I then used the following queries to look at steps, activity and sleep trends on a per-user basis:

```
SELECT 
  DISTINCT(Id) AS UniqueUser,
  ROUND(AVG(TotalSteps)) AS AvgStepsByUser,
  MIN(TotalSteps) AS MinSteps,
  MAX(TotalSteps) AS MaxSteps,
  ROUND(AVG(TotalMinutesAsleep)) AS AvgSleepByUser
   FROM `nifty-catfish-400822.fitbit_data.activity_sleep_merged`
WHERE
  TotalSleepRecords > 0
GROUP BY
  Id
ORDER BY
  Id
```

![Screen Shot 2023-10-05 at 1.59.51 PM.png](attachment:89c9f40f-ad3f-4d5f-a8c0-db76b5d53e8d.png)

```
SELECT 
  DISTINCT(Id) AS UniqueUser,
  ROUND(AVG(VeryActiveMinutes)) AS AvgVeryActive,
  ROUND(AVG(FairlyActiveMinutes)) AS AvgFairlyActive,
  ROUND(AVG(LightlyActiveMinutes)) AS AvgLightlyActive,
  ROUND(AVG(SedentaryMinutes)) AS AvgSedentary,
  ROUND(AVG(TotalMinutesAsleep)) AS AvgSleepByUser
   FROM `nifty-catfish-400822.fitbit_data.activity_sleep_merged`
WHERE
  TotalSleepRecords > 0
GROUP BY
  Id
ORDER BY
  Id
```
![Screen Shot 2023-10-05 at 1.59.10 PM.png](attachment:0ba89551-8098-4c3b-83fb-da3ce88bfb65.png)

```
SELECT 
  DISTINCT(Id) AS UniqueUser,
    SUM(VeryActiveMinutes) + SUM(FairlyActiveMinutes) + SUM(LightlyActiveMinutes) AS AvgActiveAll
   FROM `nifty-catfish-400822.fitbit_data.activity_sleep_merged`
WHERE
  TotalSleepRecords > 0
GROUP BY
  Id
ORDER BY
  Id
```
![Screen Shot 2023-10-05 at 4.04.52 PM.png](attachment:7d6f8c3f-b9f7-4910-b6c1-5d3dbdaa277a.png)

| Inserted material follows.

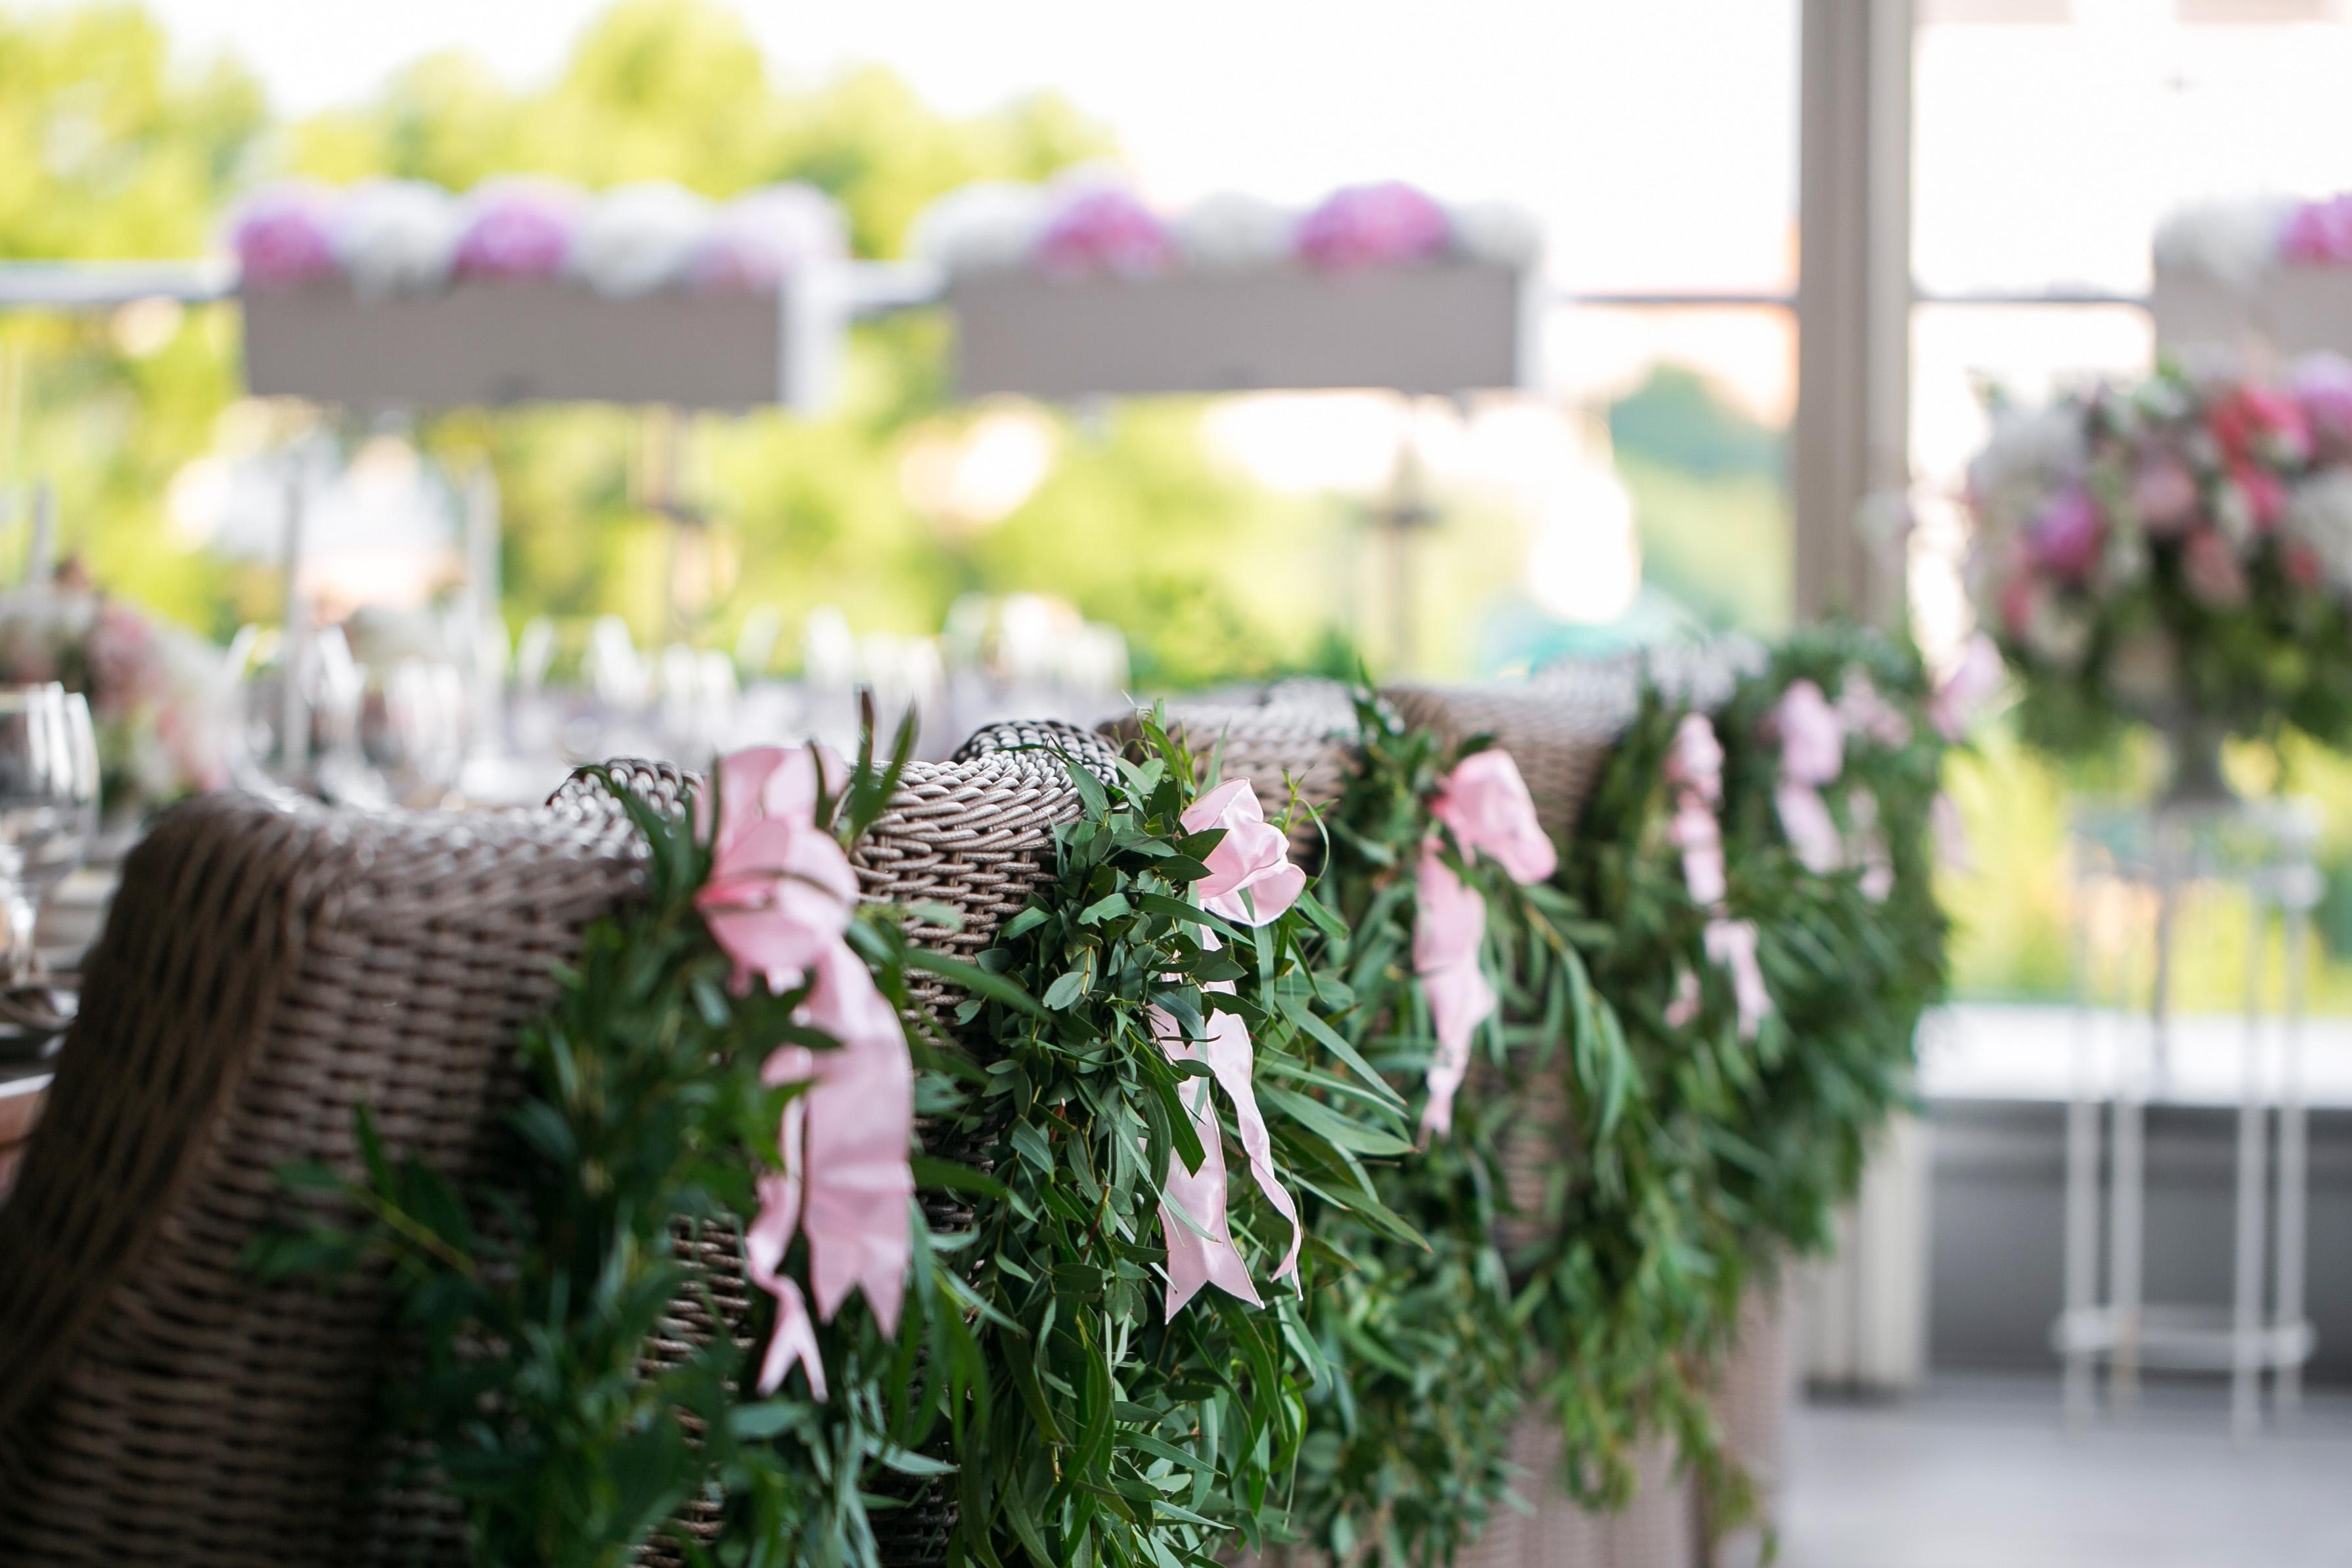 Make Happy Memories Greenery Seat Wreath

Finally, I used the following query to analyze heartrate data per user:

```
SELECT 
  DISTINCT(Id) AS UniqueUser,
  MIN(Value) AS MinHeartrate,
  MAX(Value) AS MaxHeartrate,
  ROUND(AVG(Value)) AS AvgHeartrate
FROM `nifty-catfish-400822.fitbit_data.seconds_heartrate_corrected`
GROUP BY
  Id
ORDER BY
  Id
```
![Screen Shot 2023-10-05 at 2.12.03 PM.png](attachment:87fc8eec-e2a2-4834-ad72-d7da1fe47245.png)

***
#### Share
I used Tableau to create visualizations of my analysis.

![Screen Shot 2023-10-05 at 4.41.56 PM.png](attachment:06edc56d-1786-4f62-9959-3d2edf3bb312.png)

![Screen Shot 2023-10-05 at 4.42.03 PM.png](attachment:cf8769af-5d3f-497b-8fe3-cb0858e34699.png)

![Screen Shot 2023-10-05 at 4.42.18 PM.png](attachment:97ad2417-c77c-444f-9092-90b11d5fe5e7.png)

Key findings:
* There was a strong negative correlation between average sedentary minutes and average nightly sleep.
* There was a moderate positive correlation between average number of active minutes (sum of light, fairly, very) and average nightly sleep.
* There was a moderate negative correlation between average daily steps and average heartrate.

***
#### Act
Based on my analysis, here are my recommendations to the stakeholders:
* Have the Bellabeat app send users a push notification after an extended sedentary (non-sleeping) period.
* Incorporate challenges and rewards into the Bellabeat app to incentivize users to be more active during the day
* Collect first-party Bellabeat user data to repeat this analysis and confirm these findings. Extend further analysis to data on mindfulness, hydration, and menstruation.